Fraud-rocked coffee chain files D&O insurance claim

Company seeks cover for falsified sales figures of up to US$310 million

Fraud-rocked coffee chain files D&O insurance claim

Professionals Risks

By Gabriel Olano

Chinese coffee chain Luckin Coffee has reportedly filed a directors’ and officers’ (D&O) liability insurance claim worth around US$25 million to cover compensation costs after it admitted to faking sales figures.

Luckin, which has been described as Starbucks’ main competitor in China, confessed last week that its chief operating officer and other officers had falsified its sales figures by up to RMB2.2 billion (US$310 million), Yicai Global reported.

Ping An Insurance has confirmed that it has received an insurance claim from the coffee shop company and is processing it, the report said. Meanwhile, China Pacific Property Insurance (CPIC) said it has not yet received a formal notification from Ping An, the policy’s main underwriter.

Nasdaq-listed Luckin’s admission of fraud has caused its stock price to plummet by over 80%.

Before its New York IPO in May 2019, Luckin bought a D&O insurance policy co-written by over a dozen insurers. Aside from Ping An and CPIC, six other Chinese insurers underwrote the policy, as well as several foreign insurers including Allianz and Zurich.
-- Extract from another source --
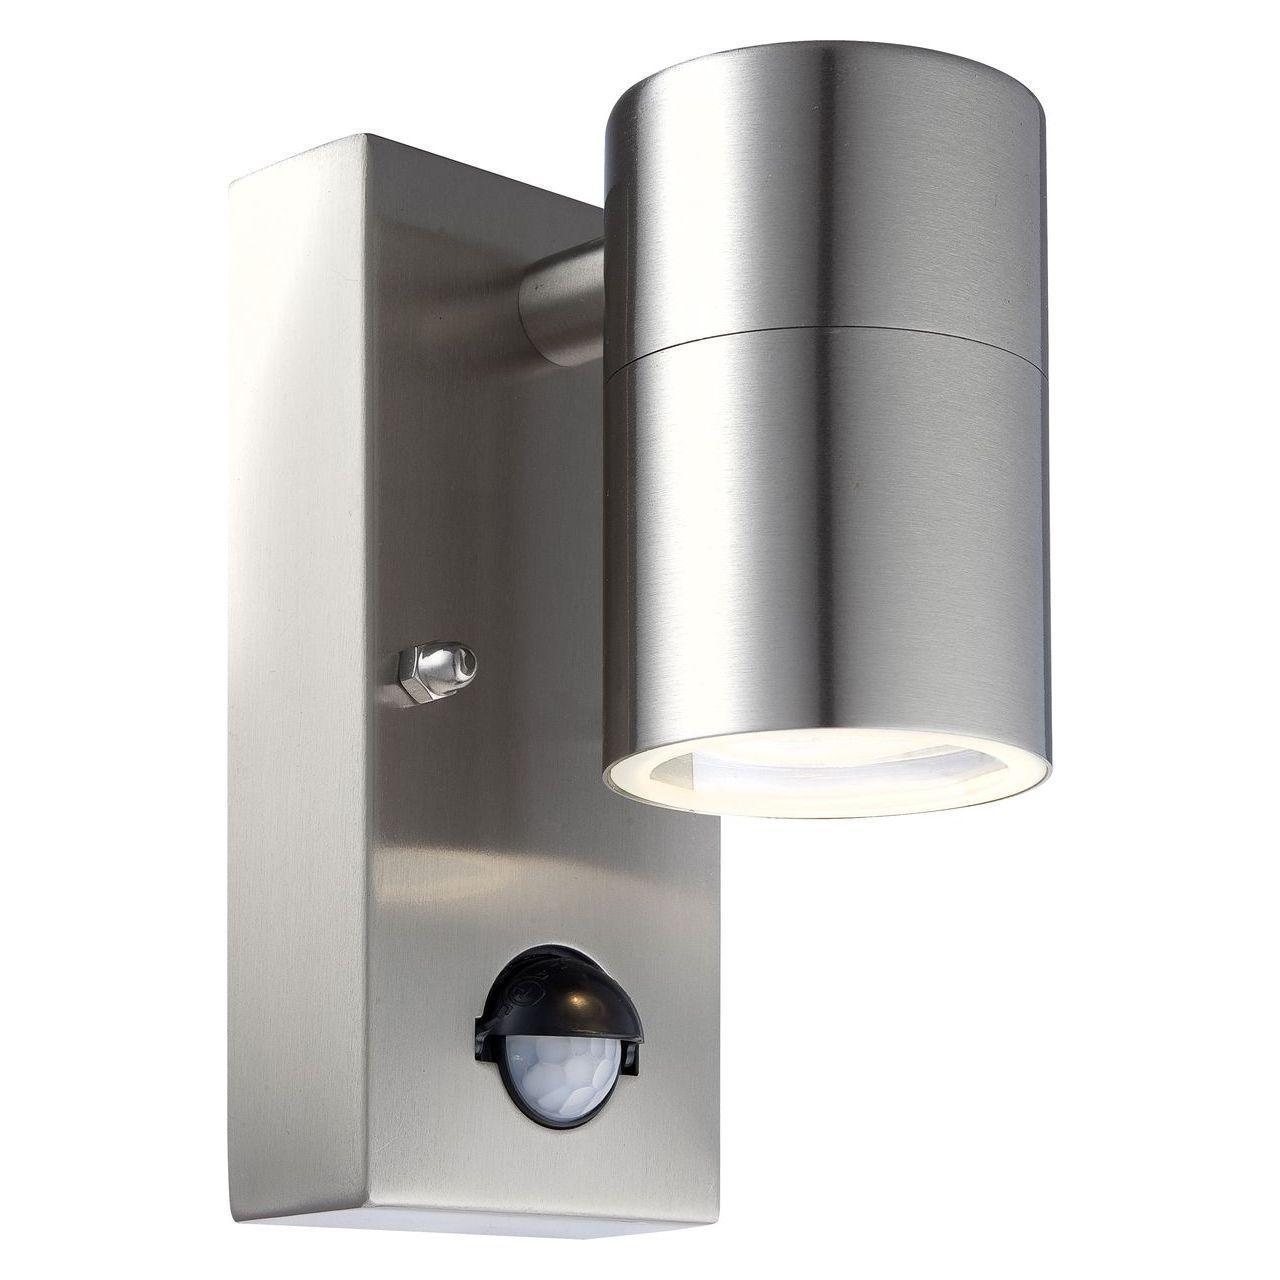 Уличный настенный светодиодный светильник Globo Style 3201SL уличный настенный светодиодный светильник globo style 3207 2l

However, the likelihood that insurers will pay out the claim will depend on whether Luckin was truthful when purchasing the insurance policy, according to the China Business Journal, citing Xiang Fubin, Shanghai-based senior partner at Beijing Weiheng Law Firm.

Furthermore, since the admitted mastermind of the fraud was Luckin’s COO Liu Jian, he may not be covered by the policy. According to Xiang, most D&O policies cover only personal misconduct committed by the chairman, CEO, CFO, and secretary of the board. Thus, for the claim to be approved, it should be proven that the aforementioned officers of the company were involved in fraudulent behaviour.